When copying the data below, keep only the lines from the one with "Demonstracja „Katowice miastem" through the one with "El defensa brasileño", word for word, and skip the pictures.

■ Material supplied
▼▼▼
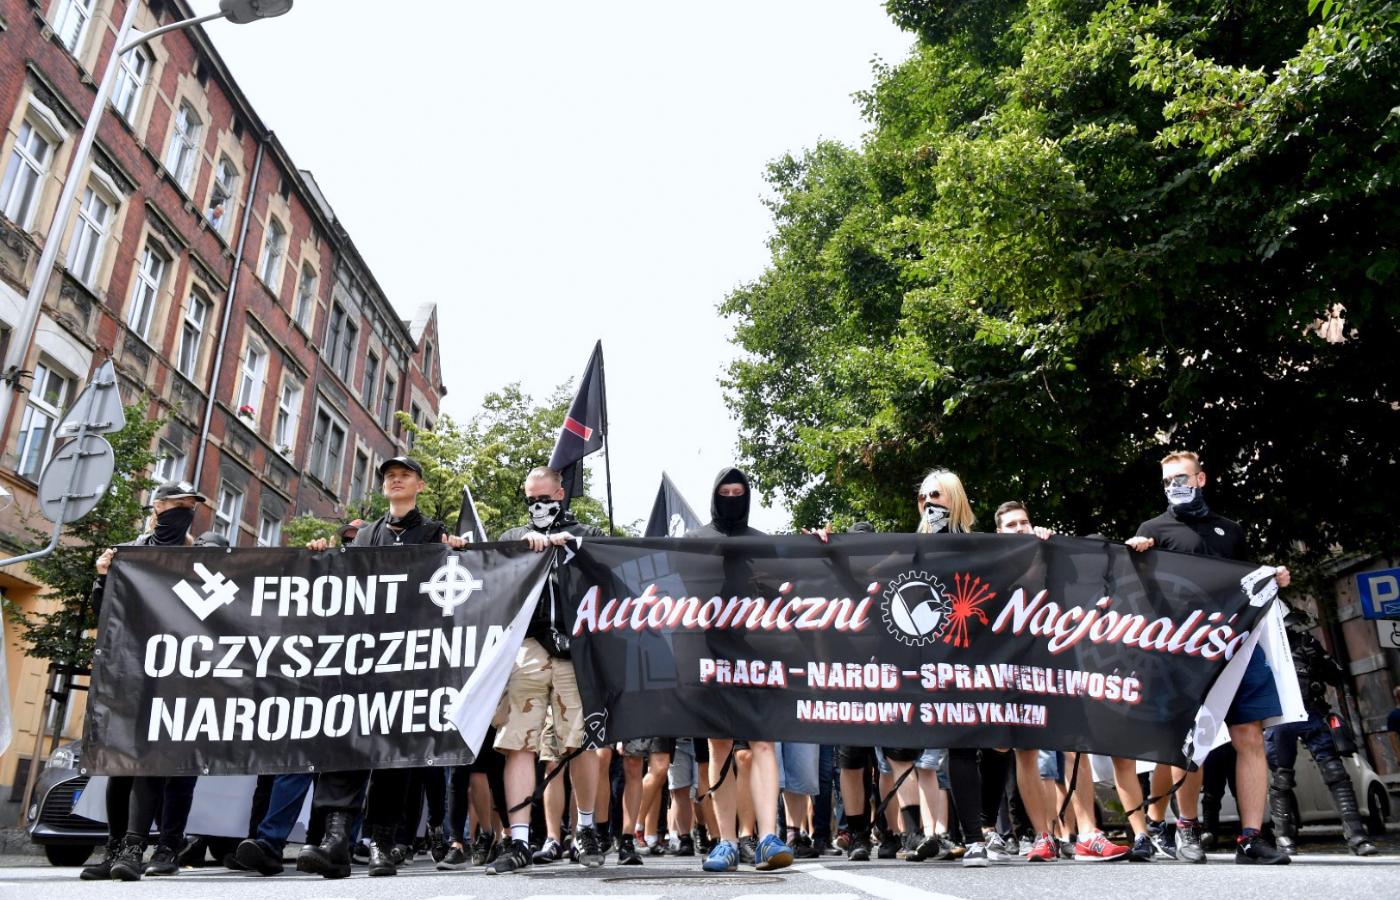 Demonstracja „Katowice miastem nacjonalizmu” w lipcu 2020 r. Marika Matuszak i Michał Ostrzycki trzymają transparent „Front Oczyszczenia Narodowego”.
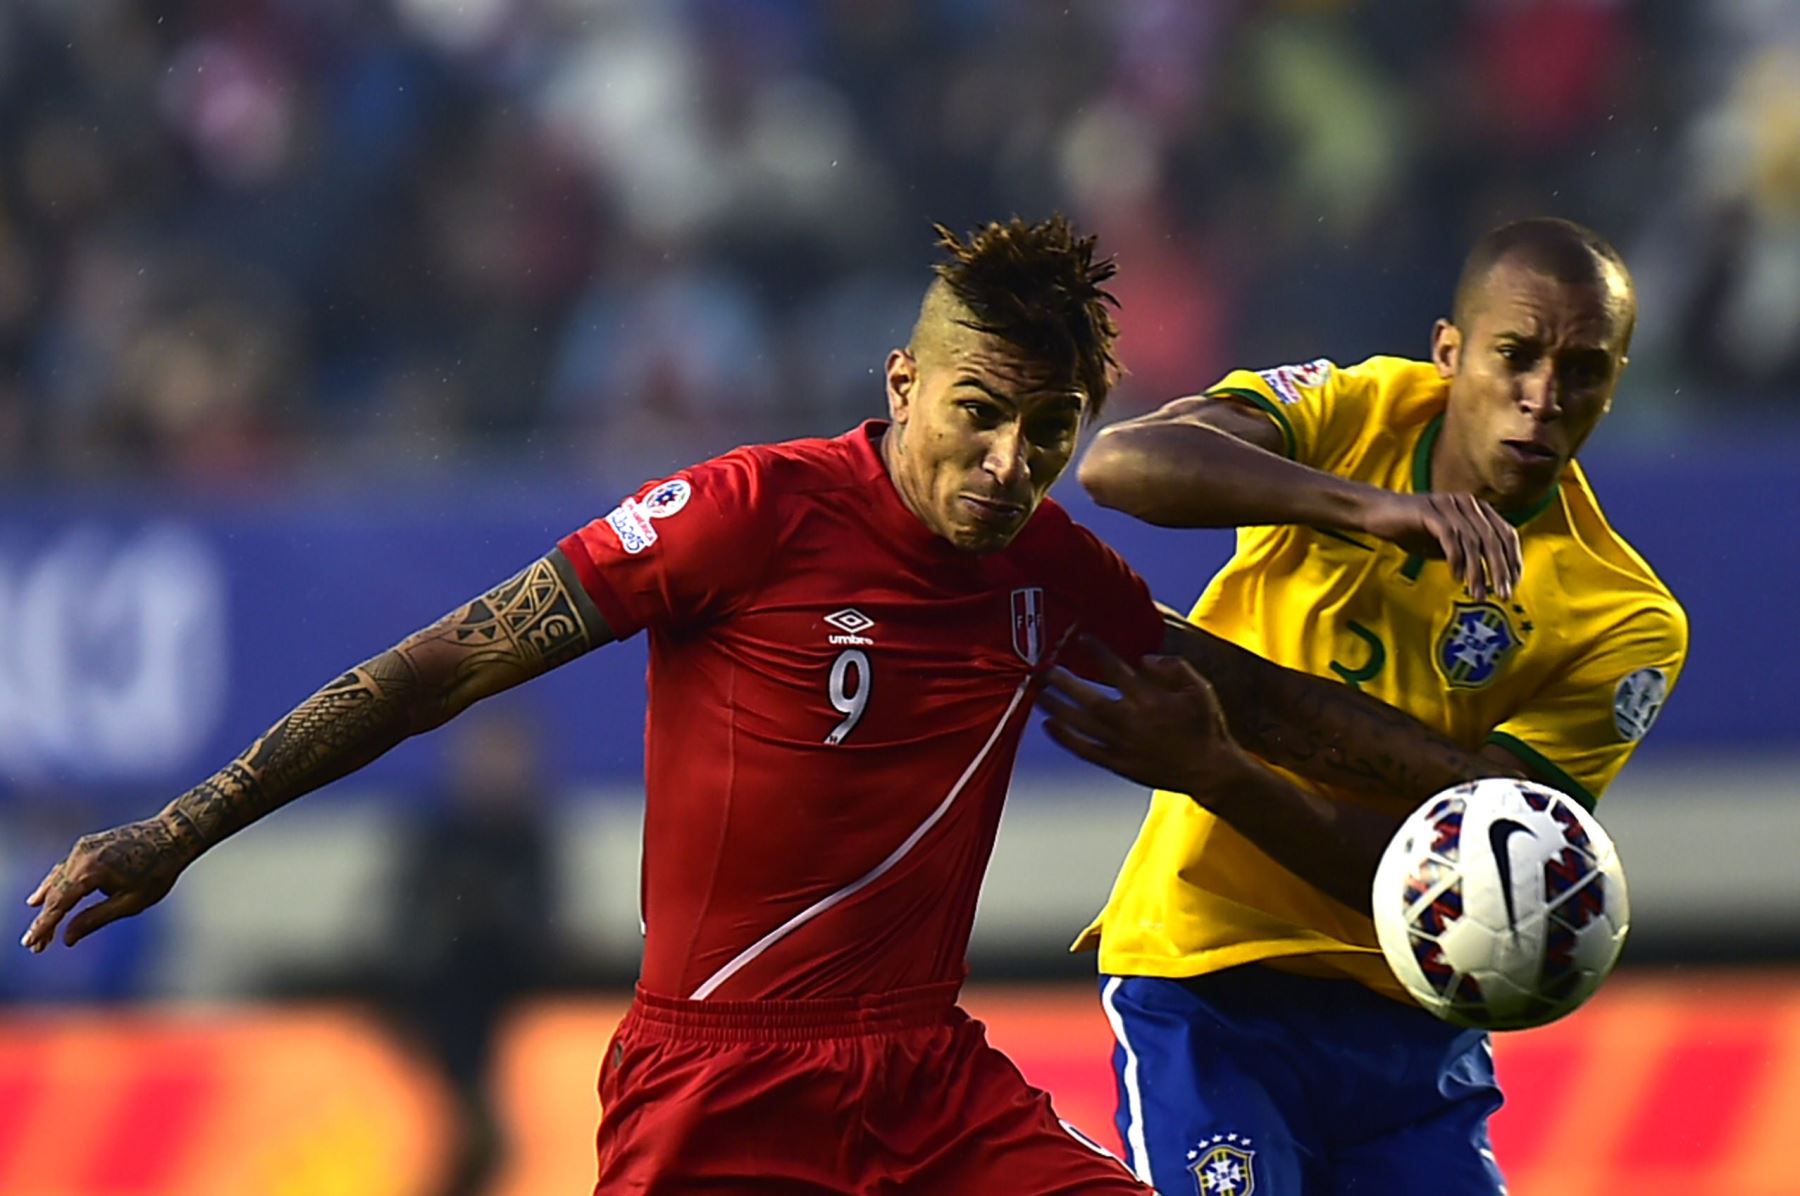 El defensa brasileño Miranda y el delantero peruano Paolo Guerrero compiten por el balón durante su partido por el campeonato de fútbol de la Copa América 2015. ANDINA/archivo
▲▲▲
▼▼▼
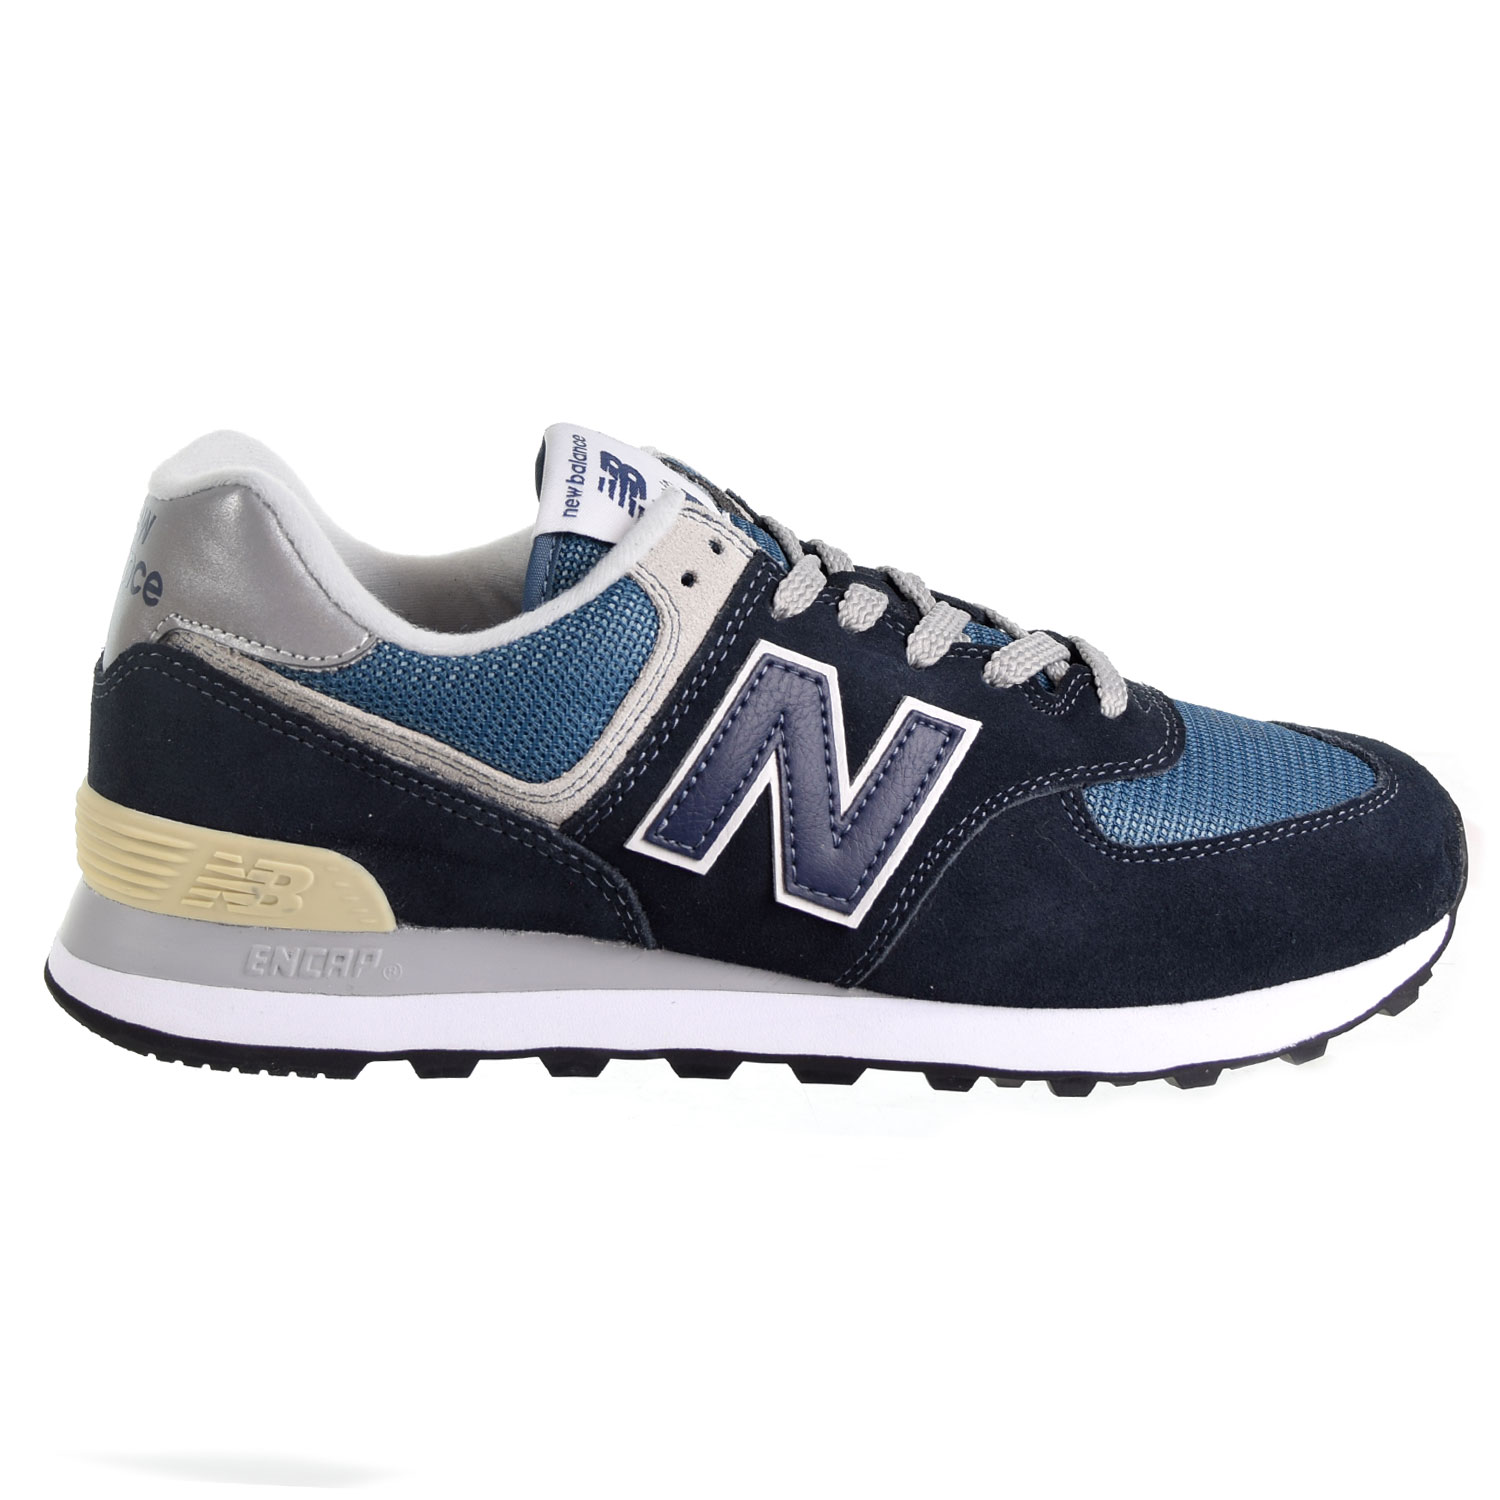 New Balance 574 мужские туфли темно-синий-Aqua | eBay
▲▲▲
■ Reply
 Demonstracja „Katowice miastem nacjonalizmu” w lipcu 2020 r. Marika Matuszak i Michał Ostrzycki trzymają transparent „Front Oczyszczenia Narodowego”.
 El defensa brasileño Miranda y el delantero peruano Paolo Guerrero compiten por el balón durante su partido por el campeonato de fútbol de la Copa América 2015. ANDINA/archivo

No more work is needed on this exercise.